The story opens as Emma returns to a house she was unceremoniously banished from decades ago. Beloved Clementine is dead, but her last wish was that her one true love have her journals; books which described the thoughts and fears, ambitions and dreams of a confused 15-year old girl who struggled to accept her nature in a toxic school and home environment where loving someone of your own sex was considered an abomination…

Emma stays overnight in a home scarred by tragedy and steeped in tension, repentance and still-undispelled animosity, reading of how, in 1994, fraught and frantic high schooler Clementine saw a girl with blue hair and just couldn’t forget her…

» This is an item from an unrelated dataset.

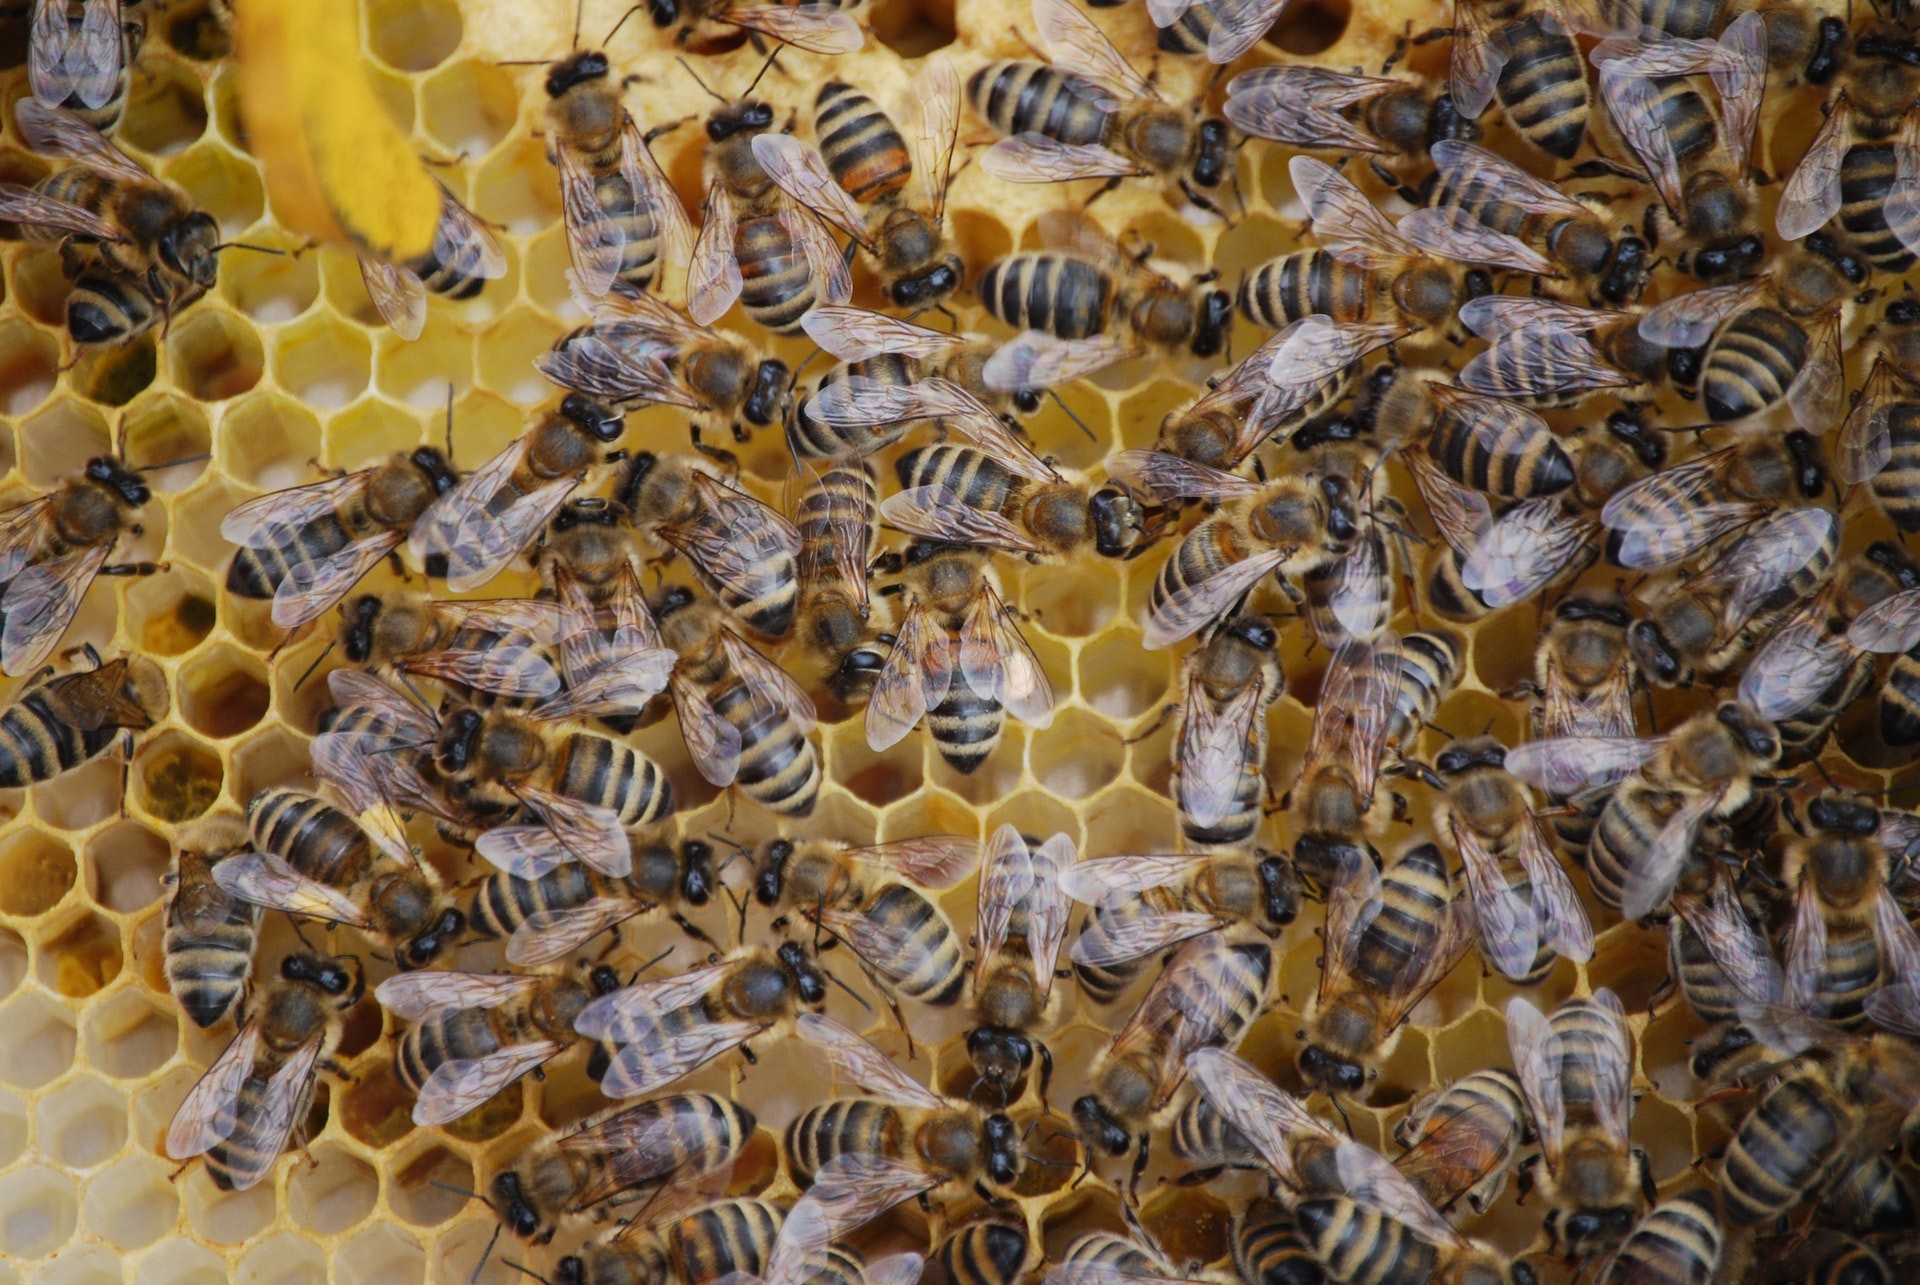 Nos últimos anos, as abelhas viram redução considerável em suas populações, devido a fatores como poluição e mudança climática (Foto: Pexels/  Jade/ CreativeCommons)

This is a beautiful, simple, evocative and ultimately tragic story about how two very young people fell in love and what eventually happened to them. It’s not polemical or declamatory and doesn’t have points to score. That the Romeo and Juliet are both female is sublimely irrelevant except in the ways and manners it shaped the problems the lovers had to overcome…

Depicted alternately in a beguiling wash of misty full colour and stark dichromatic tones, the images are subdued and enthralling, not dynamic or overblown, and although there are some explicit love scenes, they are vital to the tale’s context and utterly subsumed by the overwhelming tide of elegiac sadness, political and social turmoil and doom-laden mystery which permeates the proceedings.

This is a masterful and compellingly human story that will astound lovers, loving grown-ups and all lovers of comics narrative.